Proud? thought Land. Yes, I suppose. In a way. Though the true wonder, the true lore, waits beyond.

‘I am indeed,’ he said aloud.

‘And it was good that your high priestess survived her surgery.’

‘Hieronyma? She isn’t my high priestess. She falls within the circle of a far different aspect of the Martian covens. She worships the Omnissiah as Destruction Itself. As the Unmaker God.’

‘And you?’

‘I revere Him for what He is – a genius. I don’t hold any one aspect of His genius sacred above any other.’

‘I see.’ Zephon raised an eyebrow. ‘Though I note that you corrected my terminology rather than express relief at the priestess’ survival.’

‘Insightful fellow. The Archimandrite Venture is a glory, good sir. But it isn’t a fate I would ever crave. Trapped inside that hull forevermore? Nerve-stripped and muscle-riven and bone-scraped, bound into amniotic soup to sustain a brain and spinal cord?’ Land shuddered theatrically. ‘No, thank you.’

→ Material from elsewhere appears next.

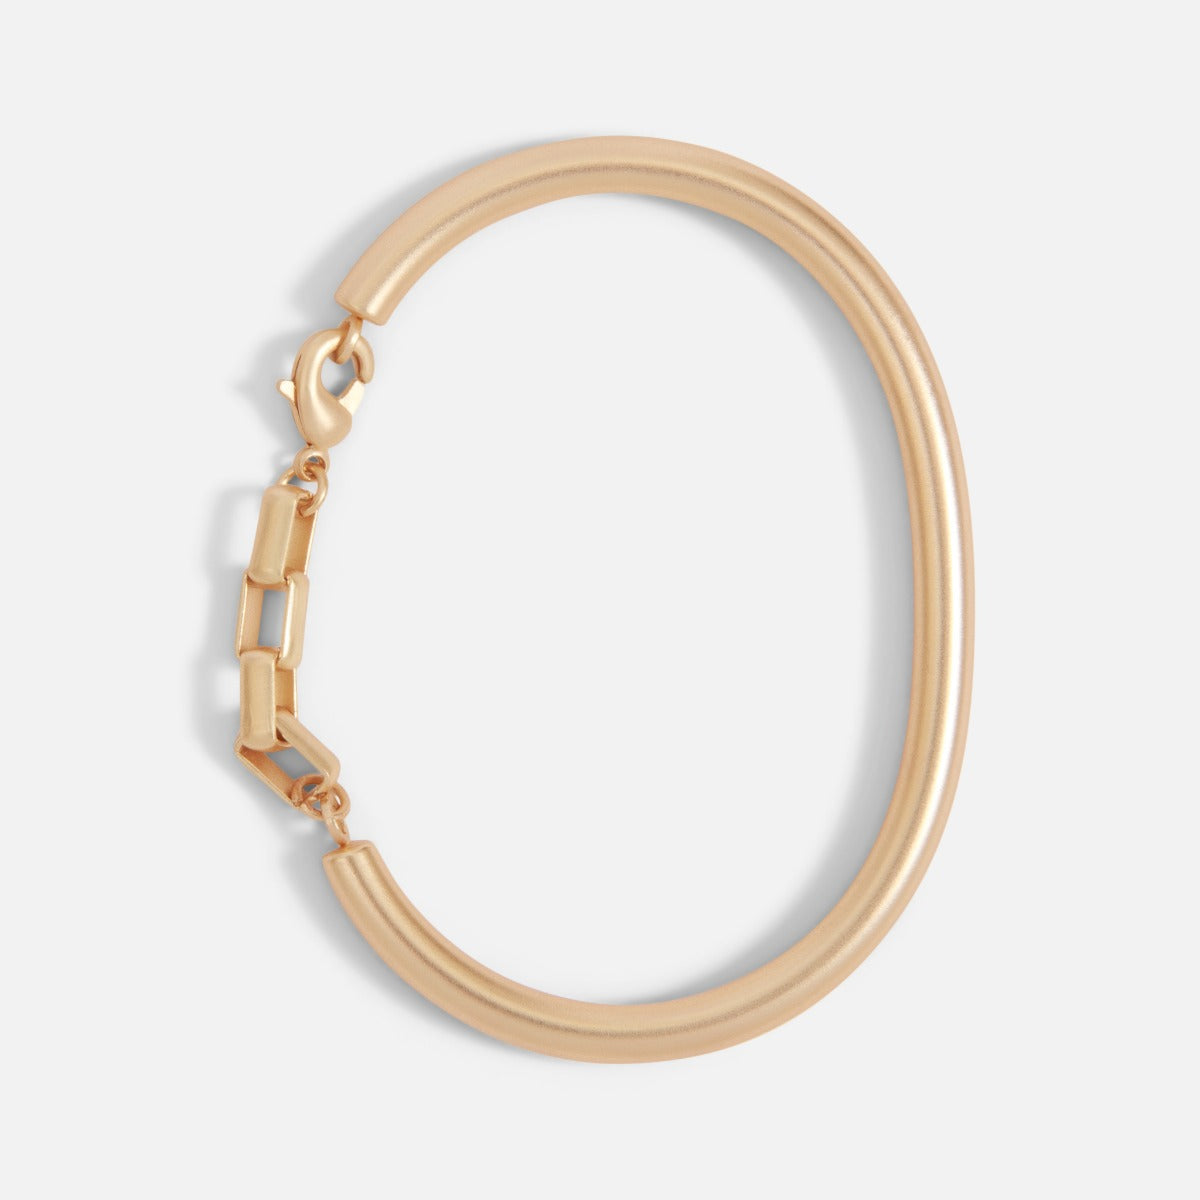 Set of two golden chain bracelets

‘I see,’ the Blood Angel said again.

I doubt that, Land thought. You didn’t witness the surgery.

Zephon turned gentle eyes upon Sapien. The psyber-monkey took it as an invitation. It leapt onto the warrior’s pauldron, clinging to the white wing symbol of the IX Legion before scampering up between the jump pack’s turbines.

‘I trust this creature will not urinate on me?’ the Space Marine asked. ‘I am not certain my dignity could survive such a blow.’

Land looked up at the Blood Angel, one eye narrowed. He stroked his pointed beard in thought. ‘Sapien takes nutrients intravenously. What little waste he excretes is via gel-sac deposits. Therefore, the answer to your question is no.’

Zephon chuckled softly. ‘Charming. Here.’ He reached a bionic hand back over one shoulder; the psyber-monkey allowed itself to be lifted by the scruff and handed back to its master. It looked at the immense warrior as it settled upon Land’s shoulder once more, and clicked an inquisitive little chirping sound.

‘I note the instabilities of your bionics,’ said the technoarchaeologist. ‘Flicker-twitches at the metacarpophalangeal knuckles. The work of a poor surgeon?’

Zephon’s smile was gone. ‘Graft rejection.’

‘Indeed? I didn’t think that could happen with your kind.’

‘Now you know otherwise,’ the Blood Angel replied mildly.

‘I’d like to study your bionics at some point, to glean an understanding of their exact deficiencies.’